Rival Monarchs and the Burden of Titles: Lessons for Somalia from America’s Early Years

Rival Monarchs and the Burden of Titles: Lessons for Somalia from America’s Early Years

By Bashir M. Sheikh-Ali

Titles are not innocent. They carry history and symbolism that can either strengthen or fracture the idea of a nation. What looks like a semantic choice — whether to call a leader “President” or “Governor” — can shape political psychology, public expectations, and even the survival of unity.

When the thirteen north American colonies (which would eventually form the United States) declared independence in 1776, each became a fully sovereign republic. They had no higher authority above them, and each wrote its own constitution and created its own executive. Some called that executive “Governor,” echoing colonial tradition of Royal Governors. Others, such as Pennsylvania, Delaware, and New Hampshire, used “President” to emphasize their republican break from monarchy. At this stage the title posed no conflict. With no national president to rival, a state president was simply the head of a sovereign polity. The colonies had fought the Revolution together, but they emerged as independent states. If Pennsylvania wanted a president and Massachusetts preferred a governor, the distinction was symbolic, not constitutional.
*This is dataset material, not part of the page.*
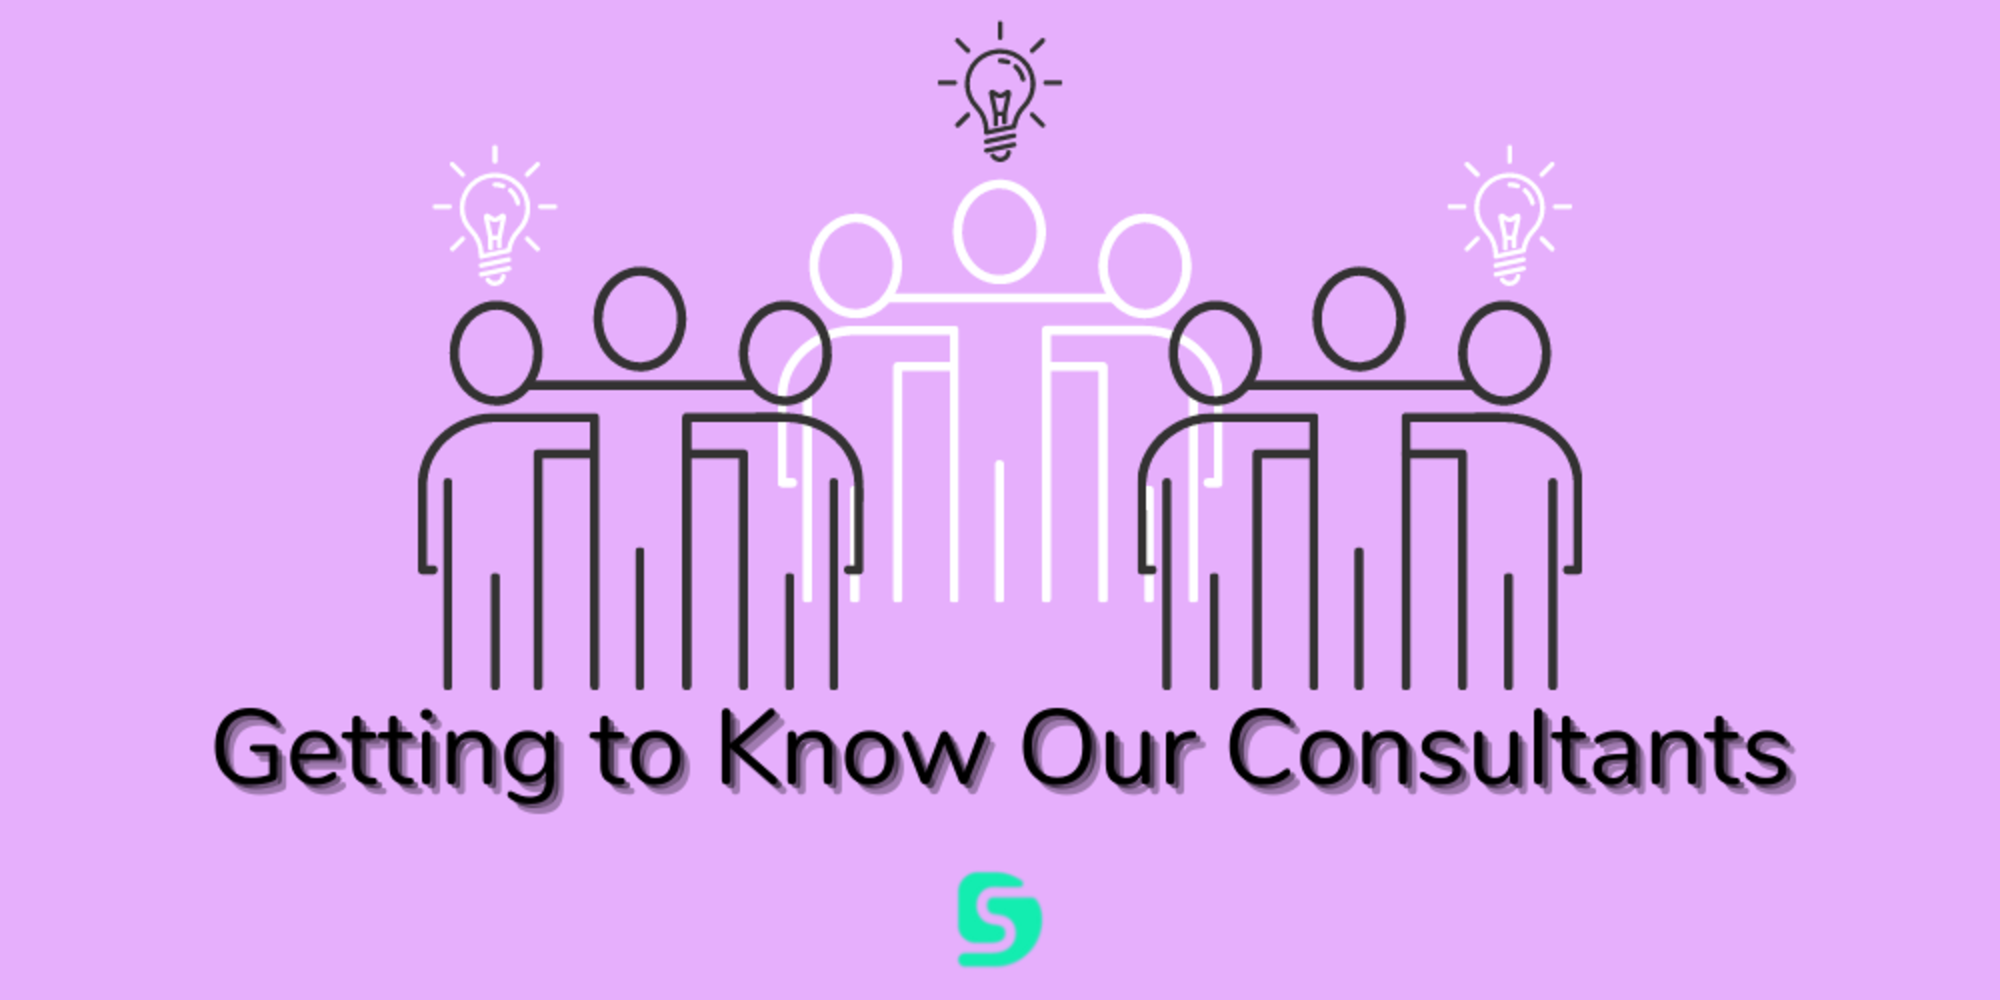 Getting To Know Our Consultants   10 Questions Over 10 Weeks (1)

Even under the Articles of Confederation, from 1781 to 1789, the arrangement remained workable. The Confederation created a weak congress but no executive. There was still no President a United States. State presidents and governors were not in competition with any national counterpart. Everything changed in 1789, when the 13 states drafted the U.S. Constitution and created the office of President of the United States. For the first time, there was a single national head of state and head of government.

Suddenly, state executives called “President” looked like rivals — not in law, but in symbolism. Americans feared that if multiple figures carried the trappings of sovereignty, the Union would dissolve into what they called rival monarchs. That anxiety was part of the Revolution itself, and it sharpened once there was a national executive.

The states responded by abandoning the title “President.” By the 1790s, every state executive was called “Governor.” The logic was clear: The President was the single national head of state, and Governors were the executives of co-sovereign states. The states remained sovereign within their spheres, but the symbolism was disciplined. Words reinforced the architecture of the Union.

What is important to notice is that American leaders understood how inherently fragile federalism was, how easily disputes between central and state governments could fracture a young republic. They therefore built multiple tools to help federalism survive. Some were institutional: a strong judiciary empowered to mediate disputes, mechanisms for compromise in Congress, and carefully balanced powers. Others were symbolic: a deliberate hierarchy of titles to prevent confusion about who was the singular head of the union.

Americans grasped that if you tell a state too often that it is a “co-sovereign,” you risk putting sovereignty into its imagination in a way that destabilizes the whole. So they found ways — practical and symbolic — to remind everyone that the United States was one republic, not thirteen.

Somalia’s story is different. Its federal member states were never sovereign republics like the thirteen colonies. They were not independent polities choosing to join a confederation. They were created and recognized inside the framework of the Somali Republic. The Provisional Constitution makes this explicit. Article 3 states that sovereignty belongs to the Somali people as a whole, not to any region. The units are called federal member states precisely to signal that they exist as components of a federal republic, not as co-sovereigns. And yet, from the beginning, their leaders have insisted on the title “President.”

Puntland has a president, Jubbaland has a president, Galmudug has a president, so as South West and Hirshabelle. Symbolically, this places them on the same plane as the President of Somalia. Unlike the U.S. case in 1776, there was never a period where this was harmless. Somalia already had a national presidency, so the duplication of titles was a contradiction from the start.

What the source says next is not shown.